### Data extract
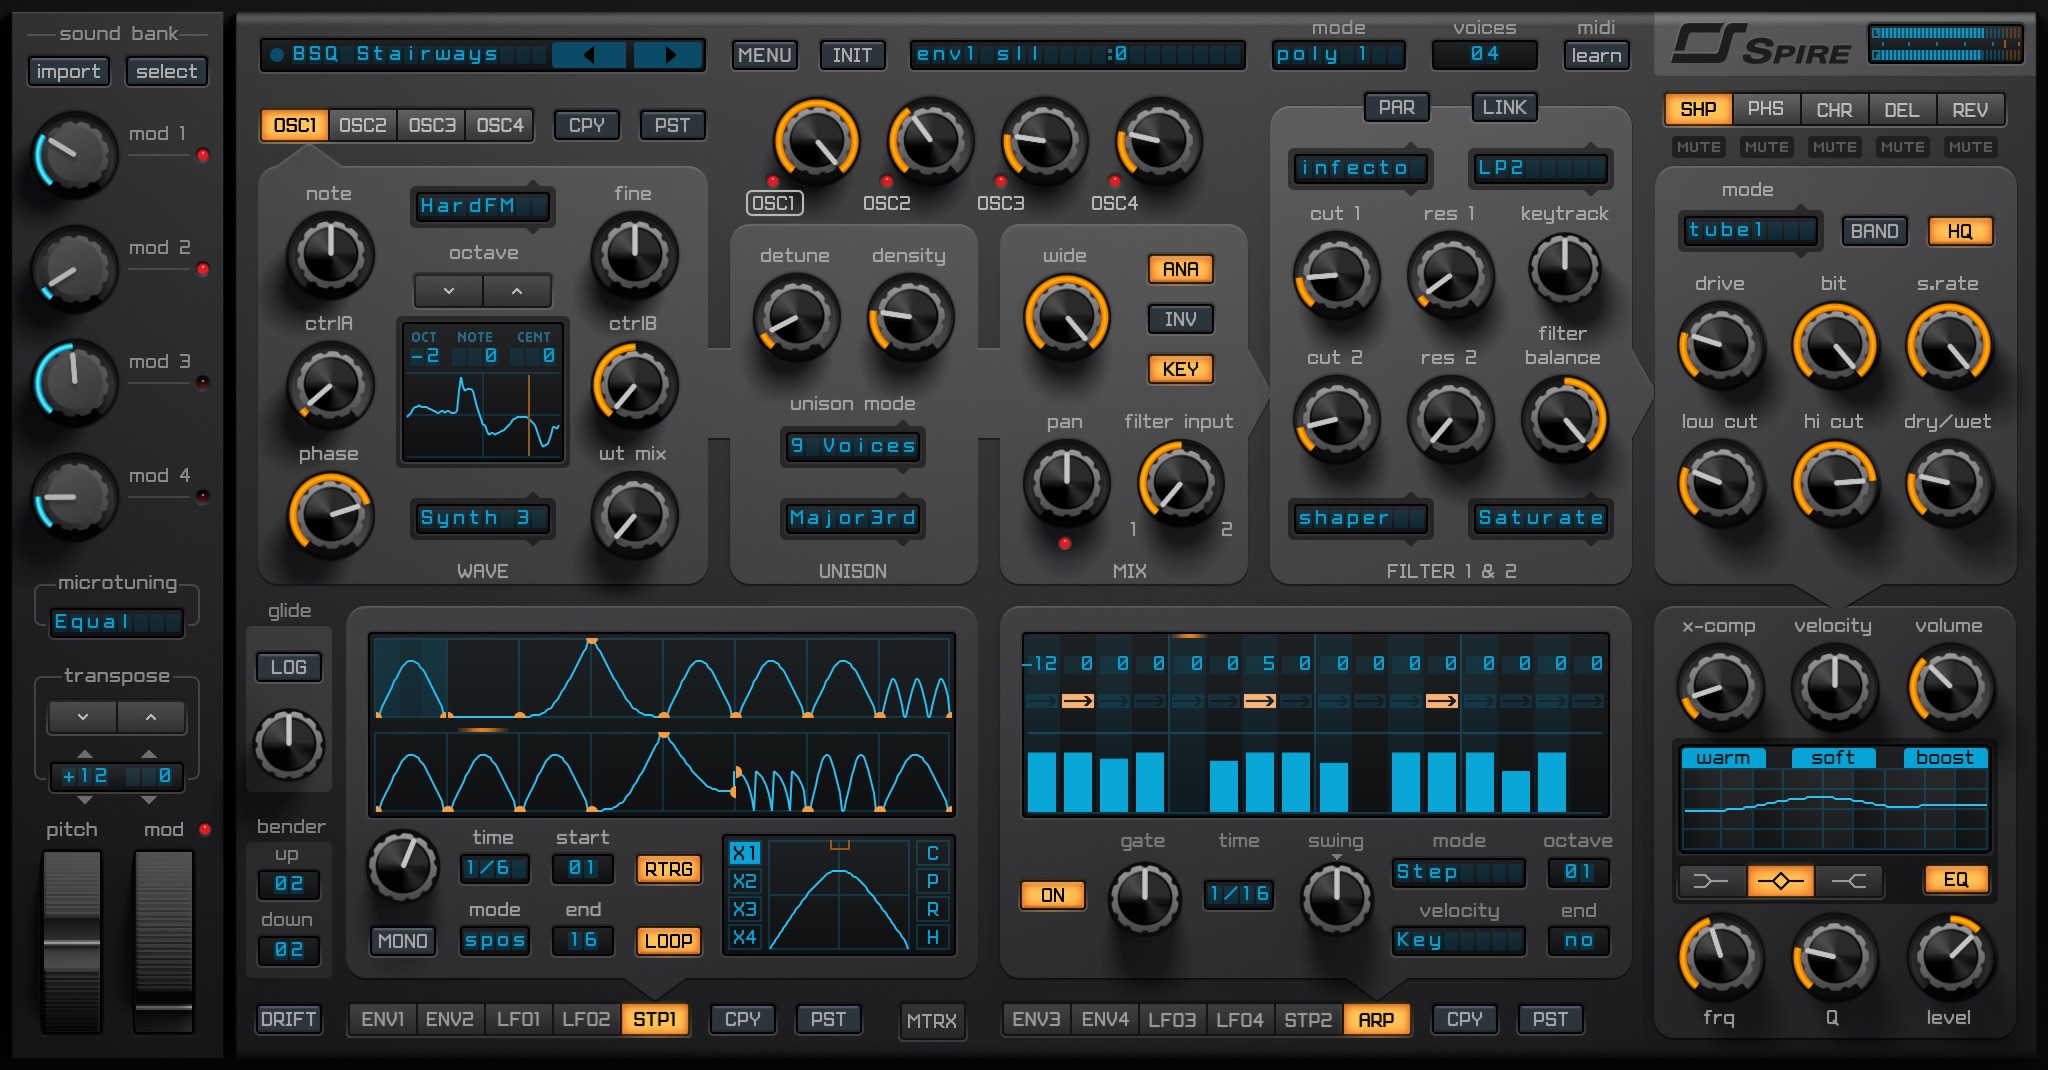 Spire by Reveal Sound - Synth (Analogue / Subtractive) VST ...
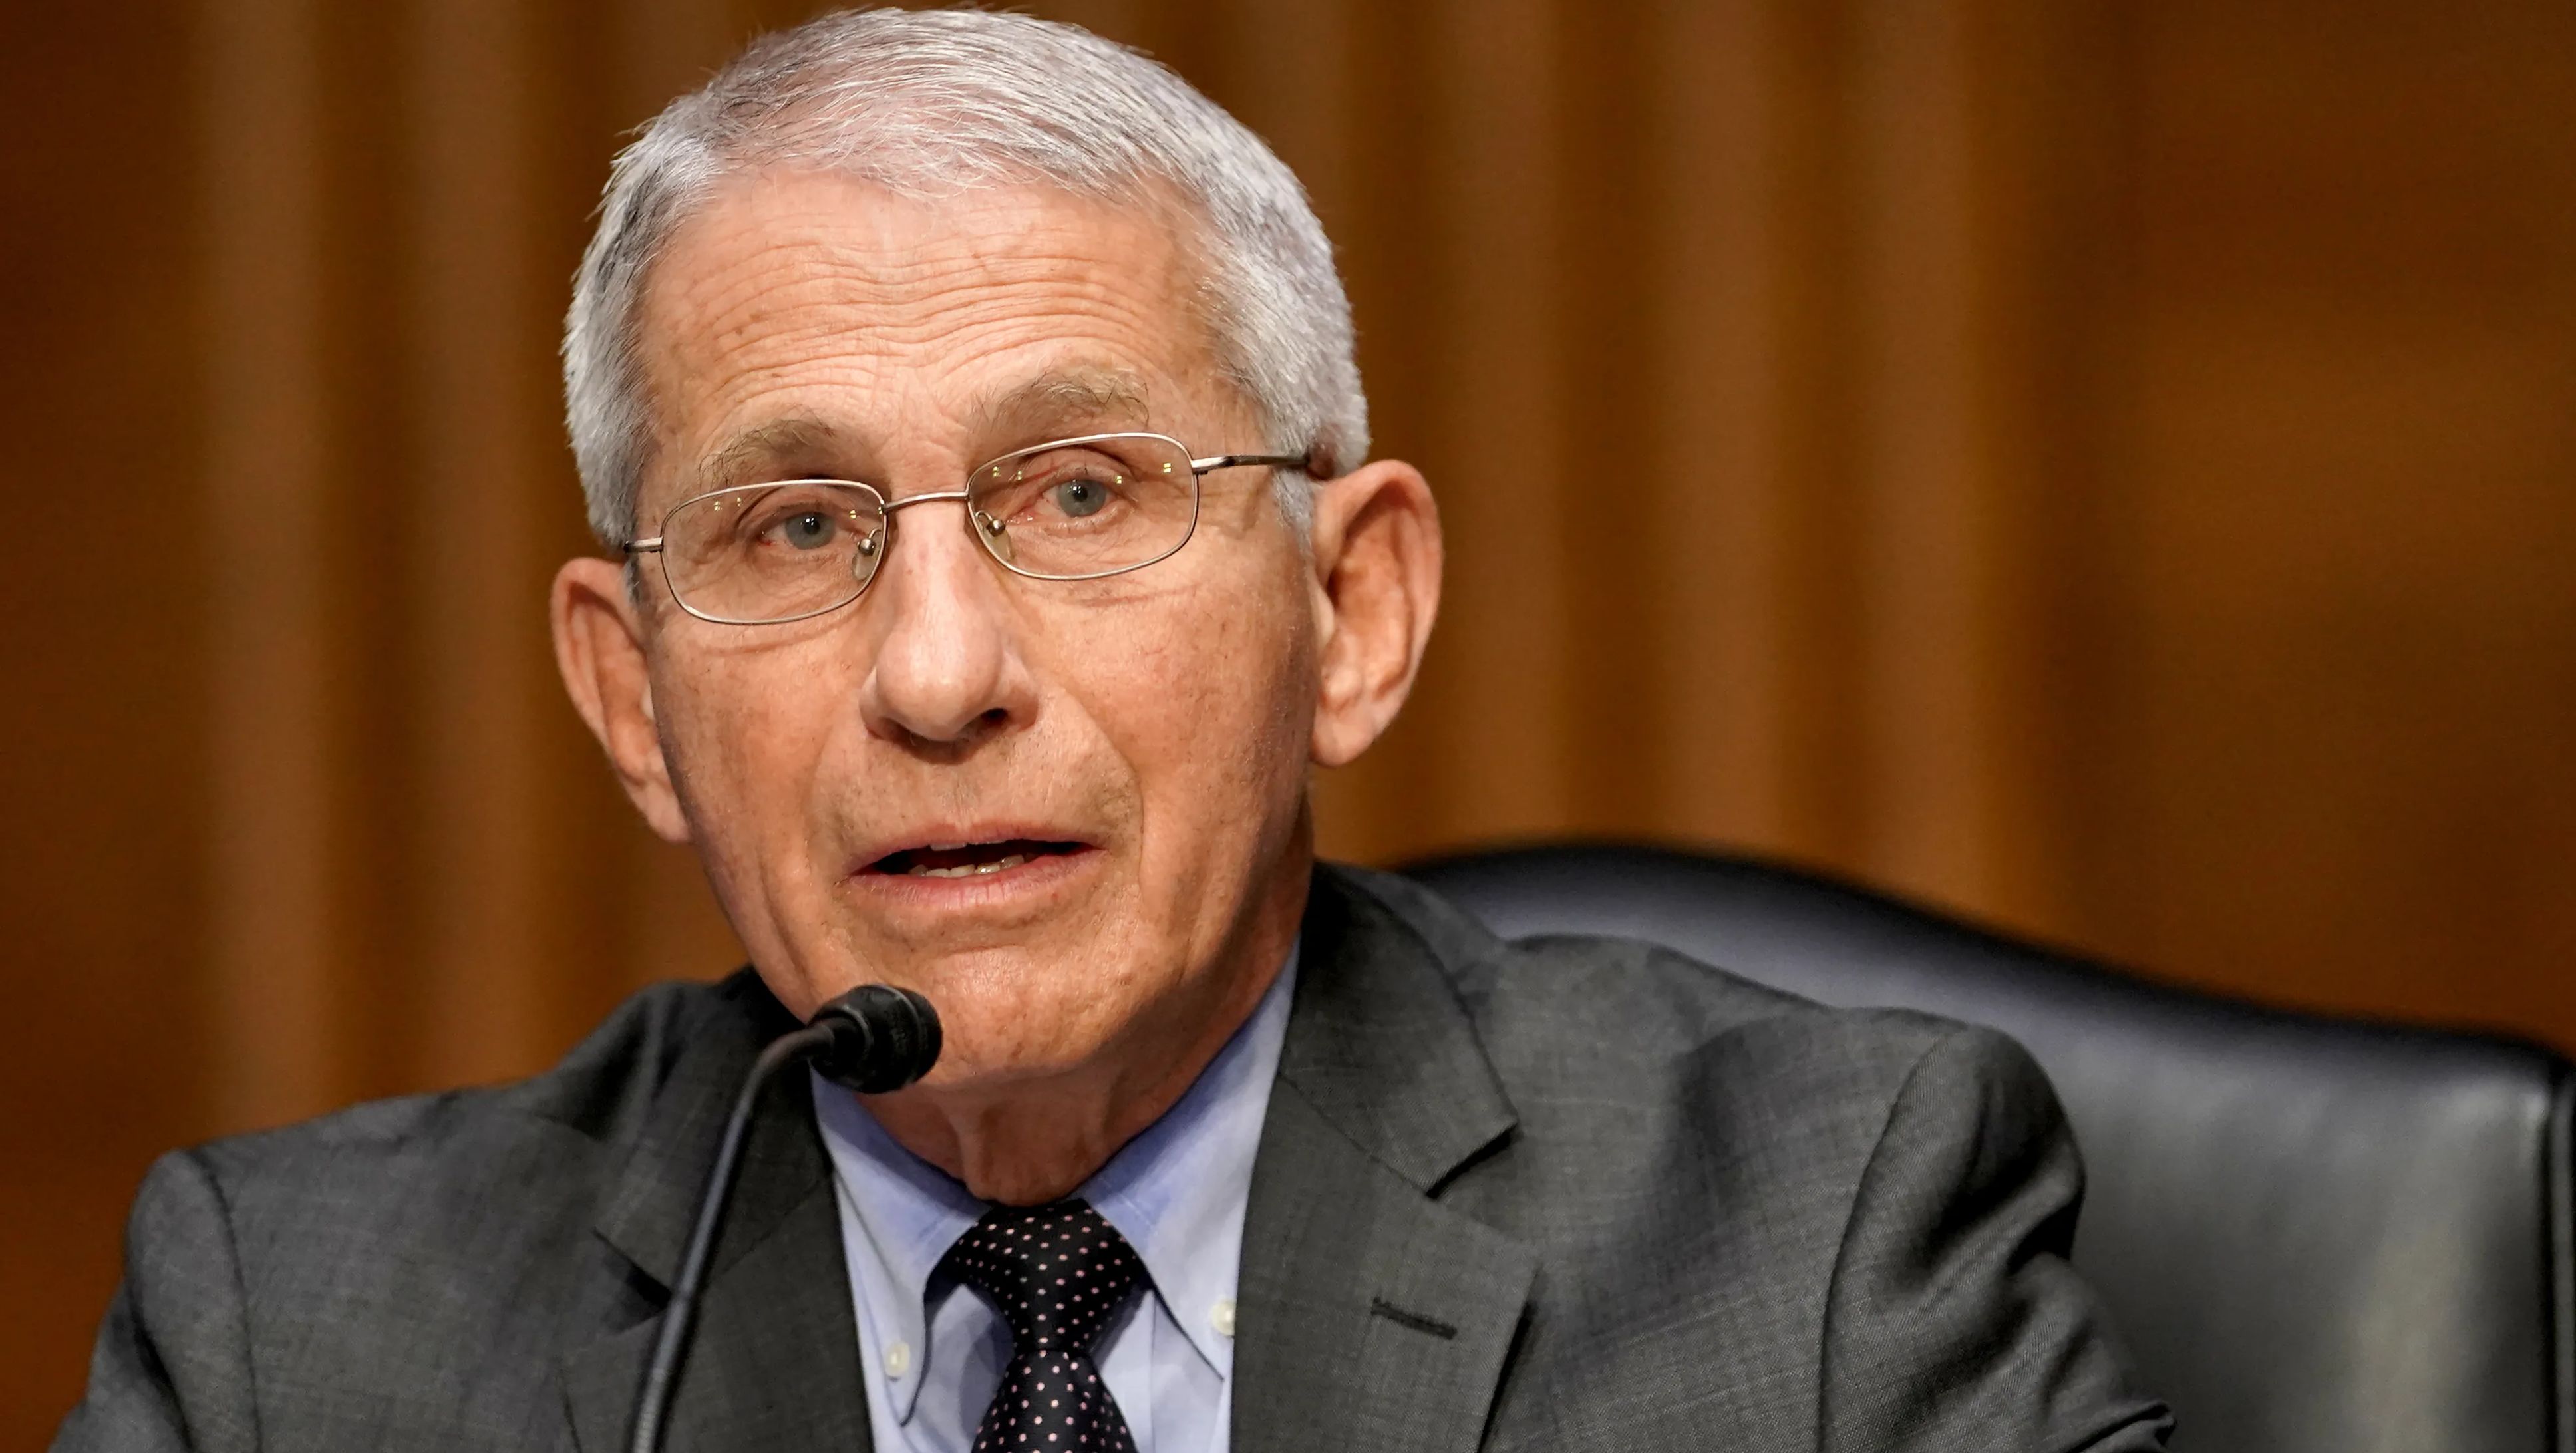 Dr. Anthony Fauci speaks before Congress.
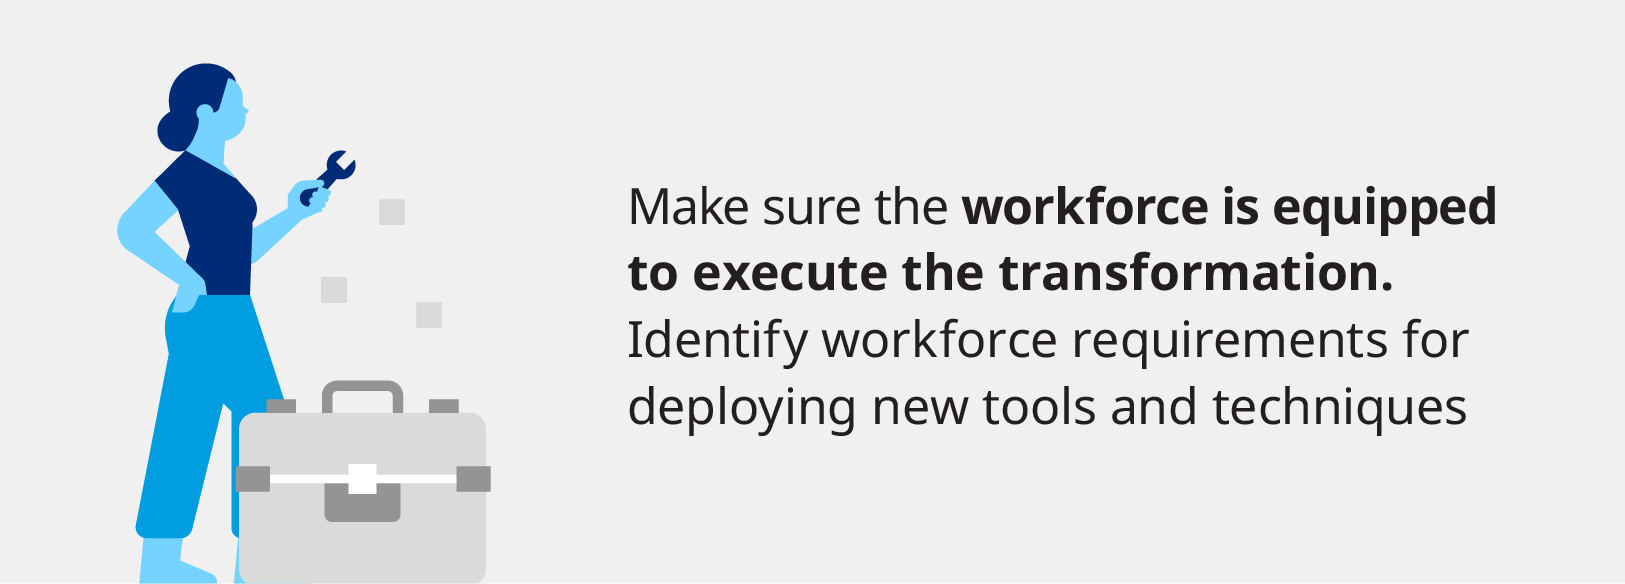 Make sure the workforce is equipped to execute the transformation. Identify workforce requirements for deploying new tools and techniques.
######
When you output the listing, reproduce it exactly but drop its pictures.

 Spire by Reveal Sound - Synth (Analogue / Subtractive) VST ...
 Dr. Anthony Fauci speaks before Congress.
 Make sure the workforce is equipped to execute the transformation. Identify workforce requirements for deploying new tools and techniques.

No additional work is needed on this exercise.